International agreements developed in the wake of the Holocaust prevent the US from deporting someone to a country in which they are in danger of being persecuted based on their race, religion, nationality, political opinion, or membership in a “particular social group.” Federal law sets the same grounds as the basis for claiming asylum, which, if granted, allows the asylee to apply for permanent legal resident status and, after several years, US citizenship. While entering between official border crossings is illegal, it does not disqualify someone for asylum—the law specifically states that no matter how someone arrived on American soil, they have the right to ask the government for protection once here.
This prevents the government from simply expelling asylum seekers without potentially running afoul of the law. Instead, it forces officials to process them—to assess whether they have the right to remain in the US, and in the meantime to hold them in custody or allow them to live in American communities.
Few American citizens, much less border crossers, precisely understand asylum law. While that means plenty of people are put in the queue who don’t have a strong asylum case, it also means others would qualify if they understood what was being asked. Some people come readily equipped with stories about relatives being threatened by their country’s governing political party. Others may say at first they are here to make a living, only to reveal later they lost jobs at home because they opposed their government, which can also be the basis of an asylum claim.
As more border crossers have presented themselves for asylum in recent years, the immigration courts assigned to hear their cases have gone from overwhelmed to utterly swamped—most people will wait years before they get a chance to make their case. The federal government attempts to screen asylum claimants, deporting those who are less likely to qualify—and the Biden administration has attempted to tighten this screening—but there are only enough asylum officers to interview a small fraction of asylum seekers.
Some of Nakamura’s subjects were no doubt deported without an asylum hearing, as tens of thousands of people are each month. But most were likely assigned a court date and released from federal custody, given overcrowding at border facilities and a lack of officers to screen their claims. In this new era, border crossers from far-flung countries may not already have relatives or acquaintances in the US who can host and support them (in general, asylum seekers cannot work legally until months after they have filed a formal application with the court). They may only decide where to go based on word of mouth—exacerbating the glut of new arrivals in cities such as Chicago and New York.

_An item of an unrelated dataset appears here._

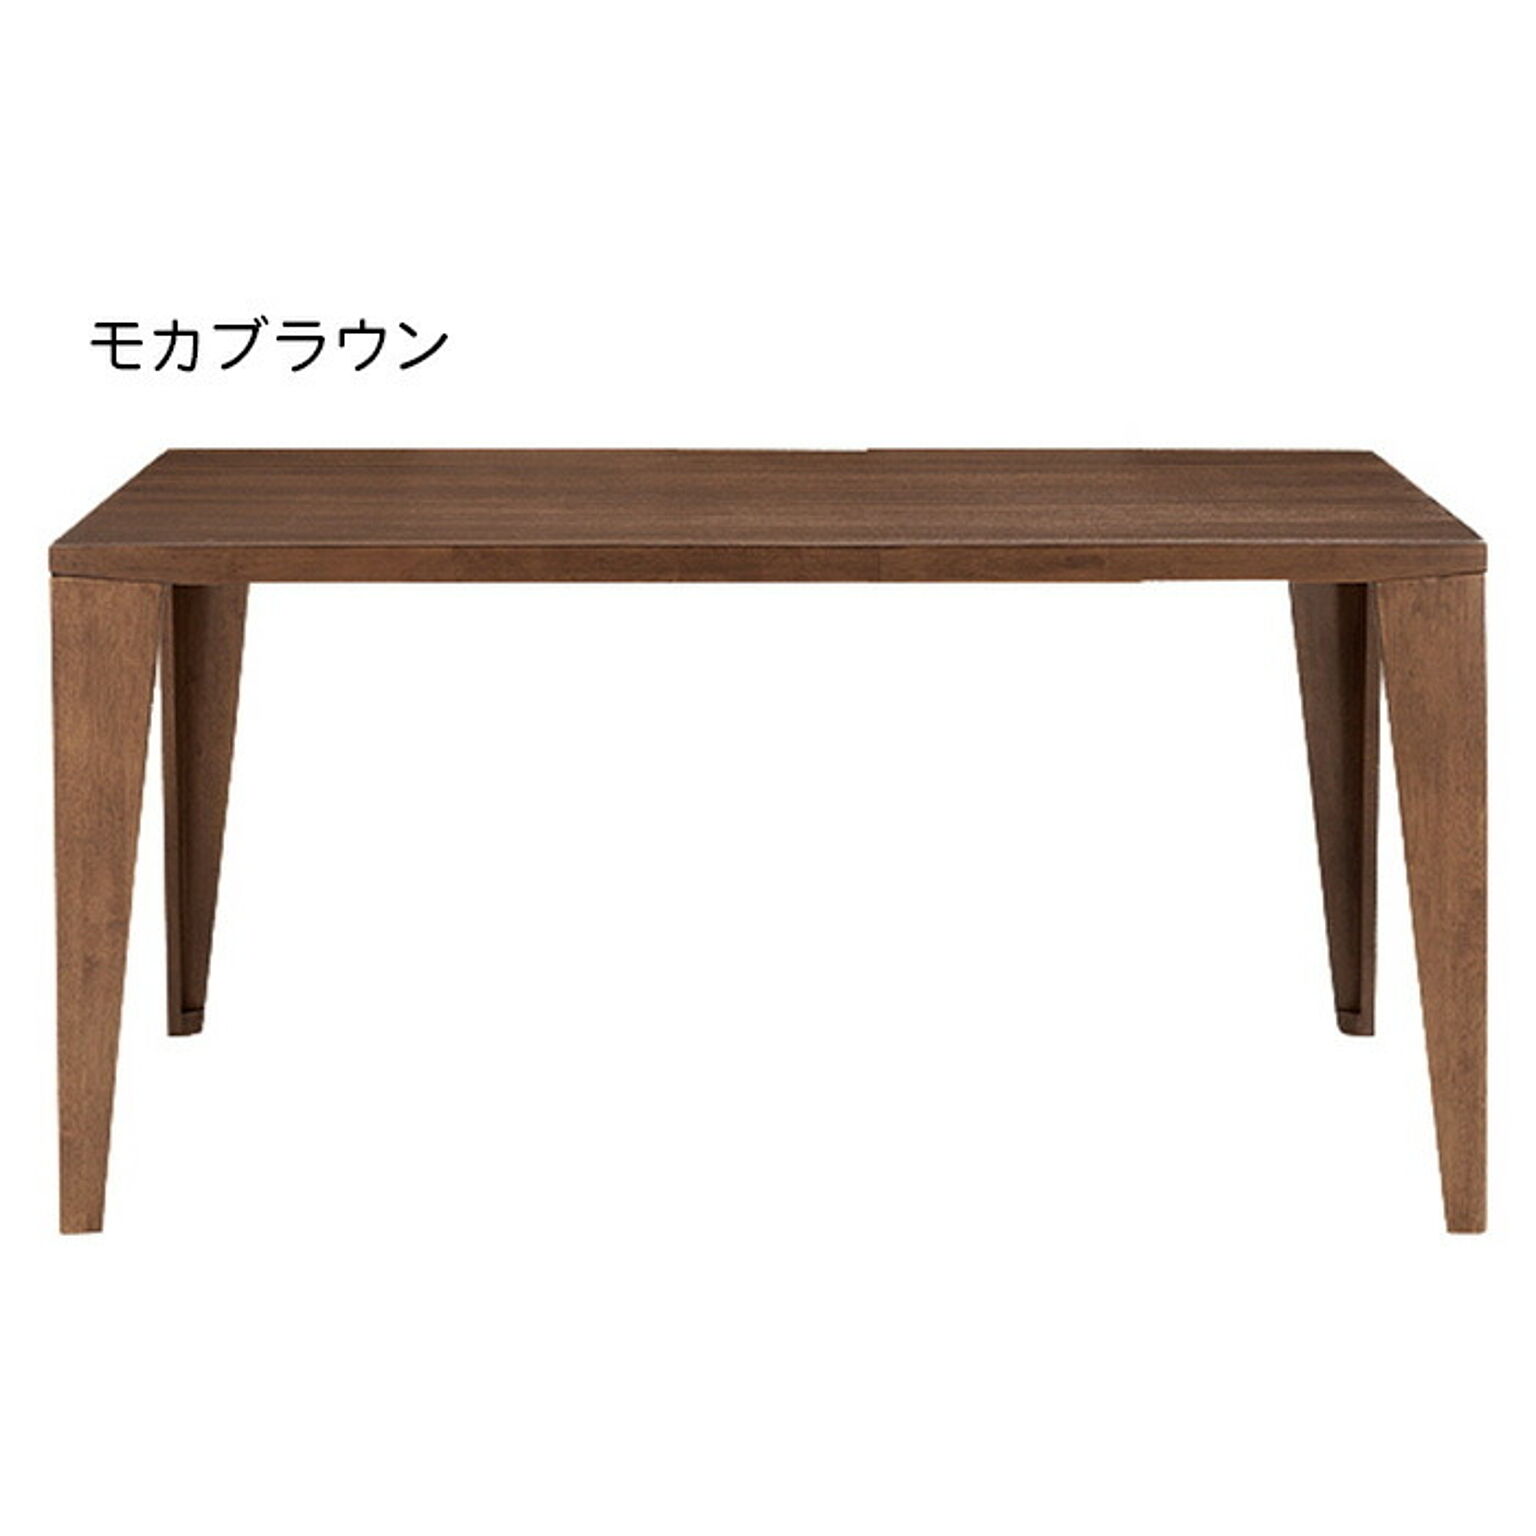 ダイニングテーブル うんこちゃん家具 - ダイニングテーブル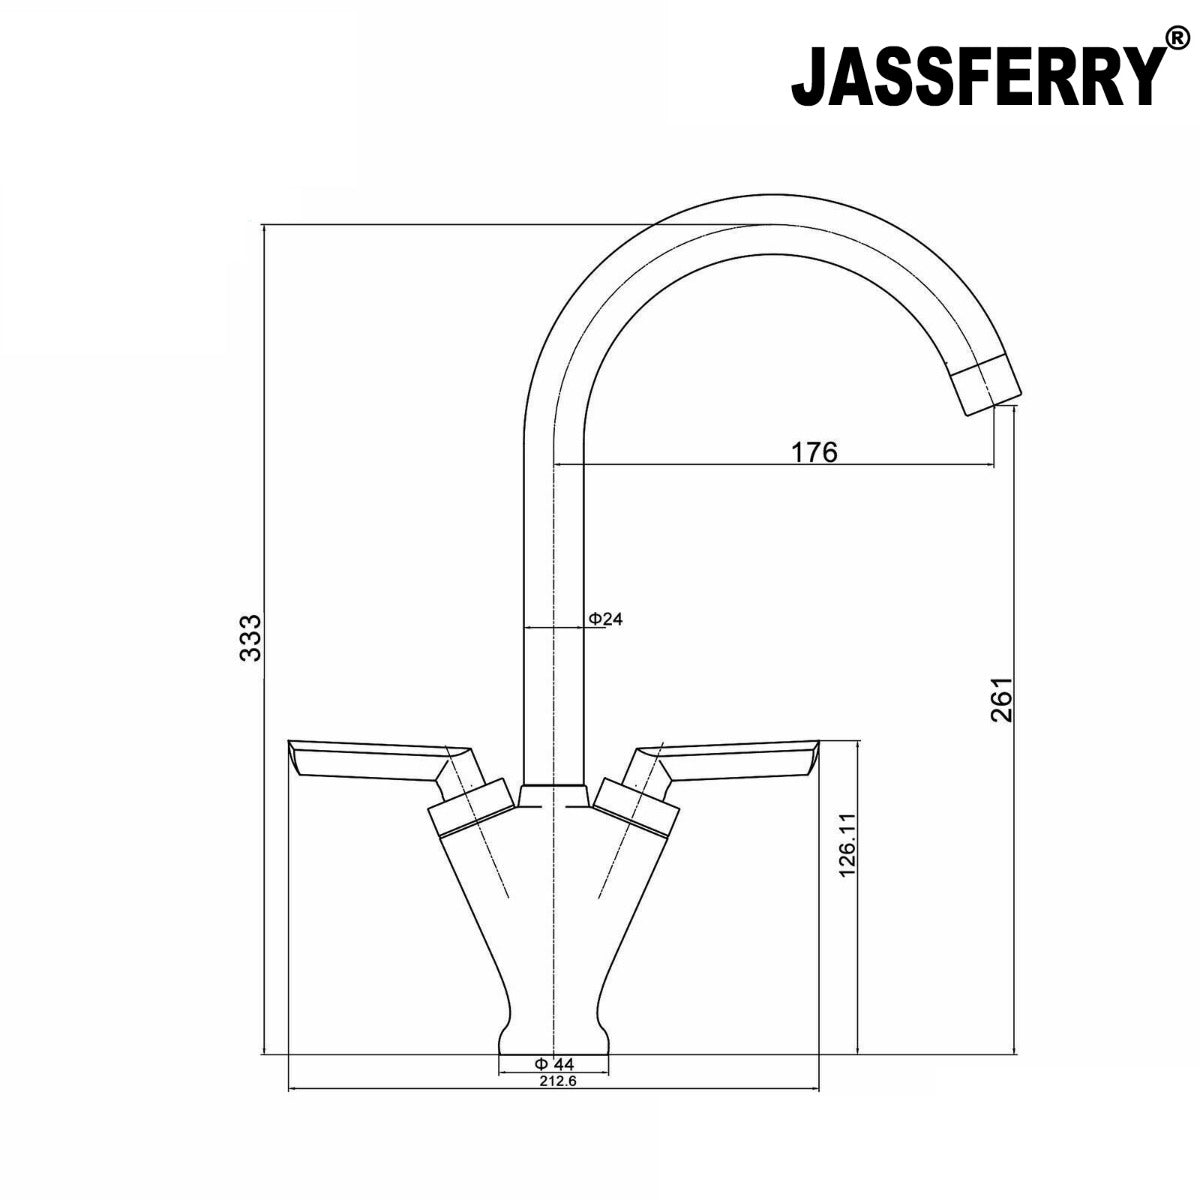 JassferryJASSFERRY Brass Mono Kitchen Sink Tap Modern Mixer Twin Lever Swivel SpoutKitchen taps

The Biden administration, like its predecessors, keeps trying to crack down on those arriving now in hopes of bringing crossing levels down in the future. In June, it instituted an “emergency” border regime that considerably raises the bar for people seeking protection until crossings fall substantially—or the federal courts intervene. But a decade of evidence shows that even the most dramatic crackdown works for only a few months, as people wait to learn how to get in under the new regime. The president can declare that the border is closed, but that doesn’t create a force field in the Arizona desert. Turning those statements into reality runs into the limits of resources (agents, space, and money) and the legal prohibition on deporting people to face persecution. Meanwhile, smugglers respond to every shift in policy, changing locations, timing, and methods. If they cannot drop people off at the border, they can lock them in US-bound tractor trailers.
At the moment they cross into the United States, Nakamura’s subjects are not under the control of either government or smuggler. They are in the no man’s land in which no one is taking responsibility or authority over them. They are waiting for the United States to decide what, exactly, it wants to happen next—a question the country has hardly even asked itself.